Jest to gościnny wpis ekipy wystartowali.pl czyli serwisu recenzującego ciekawe startupy. Tekst ten ukazał się jednocześnie na wystartowali.pl i na A...
Stworzony z „potrzeby chwili” serwis Snapki.pl chce pomóc internautom w dokumentowaniu ważnych wydarzeń z ich życia. Czy umieszczenie historii na osi czasu i kilka dodatkowych opcji wystarczy by zachęcić użytkowników oraz – co chyba ważniejsze – zarobić na projekcie?
Pomysł na Snapki.pl zrodził się, jak mówi nam jego twórca Michał Sadowski, przypadkiem, podczas poszukiwania daty jednego wyjazdu. Trudności w zlokalizowaniu daty i miejsc podsunęły mi pewien pomysł: Czemu nie zrobić serwisu, który w chronologiczny sposób będzie prezentował na “osi czasu” wydarzenia z życia? – mówi pan Michał.
Jak dodaje, nie chciał tworzyć projektu „na siłę”. W miarę jak serwis powstawał, pojawiały się również nowe funkcjonalności. Od pomysłu do programowania – całość jest dziełem pana Michała, który jest właścicielem firmy Net Complete, zajmującej się tworzeniem projektów internetowych (w portfolio wymienione są takie realizacje jak Portal Informacji Kulturalnych, czy serwis Wieloletnie.pl).

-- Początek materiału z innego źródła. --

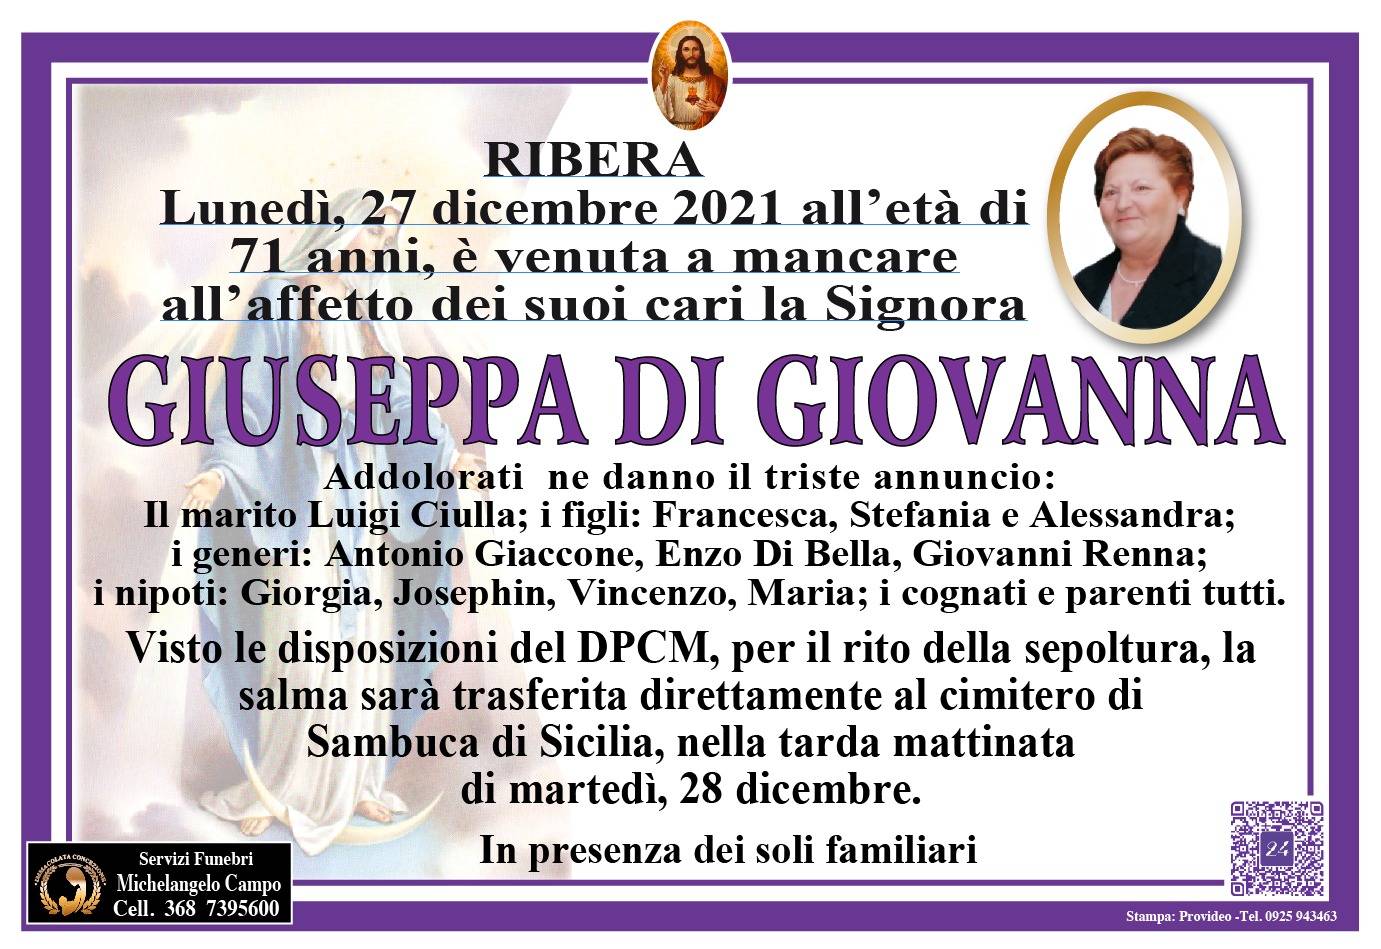 Giuseppa Di Giovanna

Głównym pomysłem na Snapki.pl jest możliwość przedstawienia wydarzeń na osi czasu. Po stworzeniu konta możemy rozpocząć wypełnianie własnej osi dodając kolejne, ważne dla nas momenty. Określić można ich nazwę, datę (w tym przedział czasowy), miejsce (jest możliwość dodania znacznika na mapie Google), uzupełnić o opis i tagi. Dodawać można również zdjęcia (tylko w formacie .jpg i .jpeg) i załączać filmy (poprzez dodanie linku np. do klipu z YouTube). Jest opcja określenia czy wydarzenie ma być widoczne dla wszystkich, czy tylko dla zalogowanych użytkowników. Można je także ukryć przed innymi internautami oraz wysłać mailem linka do wydarzenia. Każda historia może być komentowana przez innych użytkowników.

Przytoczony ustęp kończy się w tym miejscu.